Study on the Radial and Axial Temperature Fields of Coal Roadway under Seasonal Fluctuation Boundary
The underground ventilation in coal mine comes from the ground air so that the seasonal fluctuation of atmospheric temperature inevitably has influence upon its climate. The paper obtains a simplified mathematical calculation method of the radial and axial temperature fields to furnish a supplement to air temperature prediction of coal roadway with the emphasis on the influence of seasonal characteristic of inlet airflow. The results reveal that the propagation of radial and axial temperature wave has the similar characteristic of amplitude decay and phase delay. In the radial direction, the main factor is the dimensionless annual cycle time; and in the axial direction, it is influenced by the location-related dimensionless time, the Nusselt number, the Biot number, and the dimensionless annual cycle time. In addition, for the wave amplitude, they present the negative exponential trend as the location increases, the overall shape of which resembles a folded page; for the delayed phase, they present the linear variation trend as the location increases, the overall shape of which resembles a parallelogram. In the paper, the evolution mechanism of temperature field of coal roadway under seasonal fluctuation boundary is profoundly comprehended, which has important guiding significance for the field engineer.
Coal is the biggest energy sources in China. By statistics, it accounted for about 60.4 percent in the primary energy consumption in 2017 . However, as the shallow coal resource is gradually reduced and even exhausted, the mining depth is growing year by year; and China's third resource prediction showed that the coal seam buried depth greater than 1000 m accounted for 59.5 percent of the total forecast. Therefore, it inevitably will suffer from more and more severe heat hazard menace in the not-too-distant future, and is directly linked to endanger the worker’s health, reduce the labor productivity, and increase the frequency of accidents and so on [2–4]. The situation has seriously restricted its safe and efficient exploitation so that government puts more efforts on the solution of the thermal damage problem.
The thermal damage governance of high-temperature mine mainly is based on two aspects : the prediction of airflow temperature of coal mine and the implementation of reasonable cooling technical measures. Meanwhile, the accurate prediction for mine climate is a crucial factor that determines the optimal thermal control measures to evaluate the labor conditions and improve the mine environment. However, the variation rules of airflow temperature in underground mine are very complex because of the influence of many factors, principally including the heat dissipation from surrounding rock and the inlet initial temperature from atmosphere . In this perspective, the research on the temperature characteristic under seasonal fluctuation boundary, which includes radial and axial temperature distributions of surrounding rock and airflow, has profound significance to perfect the basic theory of wind temperature prediction in high-temperature mine.
There have been many studies focused on the strata heat release and temperature field of underground coal mine roadway. With regard to the radial heat dissipation from surrounding rock, Щсрбаиъ.
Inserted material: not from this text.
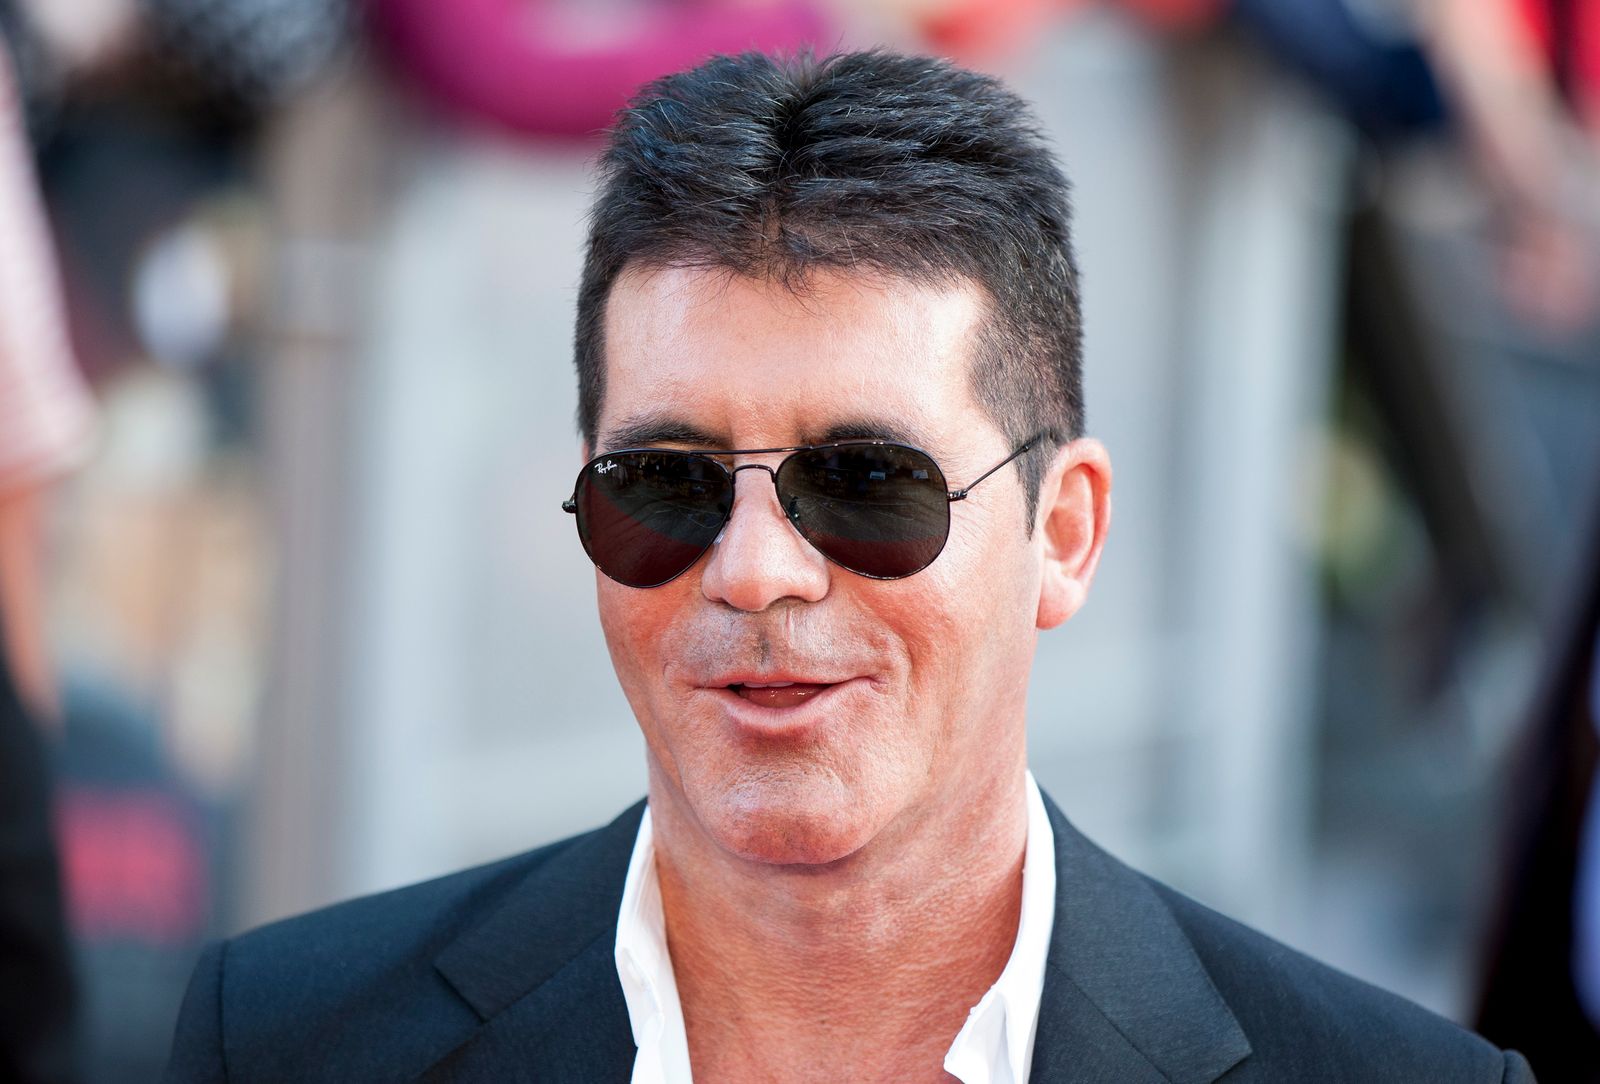 AGT Judge Simon Cowell. | Photo: Getty Images

АП firstly  proposed a dimensionless parameter to quantify the heat dissipating capacity. Then an analytical solution for the parameter was established by Cen et al.  and he pointed that it was composed of Bessel function and Kelvin function. Sun  proposed a simplified analytic expression to calculate the parameter. Other studies also identified that it was an important physical quantity which described the heat dissipation of roadway surrounding rock [10, 11]. After that, Qin et al. [12–14] presented many relation curves between the parameter and Fourier modulus and analyzed the strata heat release using numerical simulation methods. Zhang et al.  established a theoretical model of thermal diffusion using finite different method, obtaining the temperature distribution of surrounding rock under the coupling effect of airflow and seepage. At the same time, in the application of business software, Bai et al.  analyzed the heat transfer between surrounding rock and airflow based on Fluent software in the case of dry roadway. Danko et al.  investigated the transfer phenomena of heat and mass on the wall of roadway based on CLIMSIM software. In the experimental aspect, Zhang et al. [18–20] deduced that the similarity criterion of heat conduction of roadway surrounding rock was the Fo (Fourier number), the Bi (Biot number), and the R (Radius of roadway) in the heat transport process and the Nu (Nusselt number), the Re (Reynold number), and the Pr (Prandtl number) in the heat convection process between surrounding rock and airflow and then certified the feasibility of modeling experiment method. Moreover, the influence of specific factors to the characteristic of temperature field also was analyzed, including the virgin rock temperature , the moisture of roadway wall [22–25], the section shape of roadway , heterogeneous rocks and anisotropy , and ventilation time and ventilation volume . These above factors reflected their influences to heat release of surrounding rock from different sides, which involved the disturbance range of airflow temperature, heat dissipating capacity of surrounding rock, and the distribution rule of temperature field.
In addition, for the axial temperature field, Roy et al.  developed a computer program to predict the time-dependent climatic change in an underground airway. After that, Liu  presented a method of approximate calculation of airflow temperature in mine based on the heat radiation from country rock, the depth of mine and the humidity of the airflow. Gao et al.  analyzed the influence of water evaporation place distribution on temperature and humidity of airflow. Xie  discussed some influence factors through the accurate observation and analysis of the thermodynamic parameters. Liu  deduced the basic law of temperature change in an intake shaft and pointed that it changed with the temperature of airflow at the inlet and the shaft depth. Roy  presented a simplified computational approach for prediction of transient climatic conditions in underground mine airways.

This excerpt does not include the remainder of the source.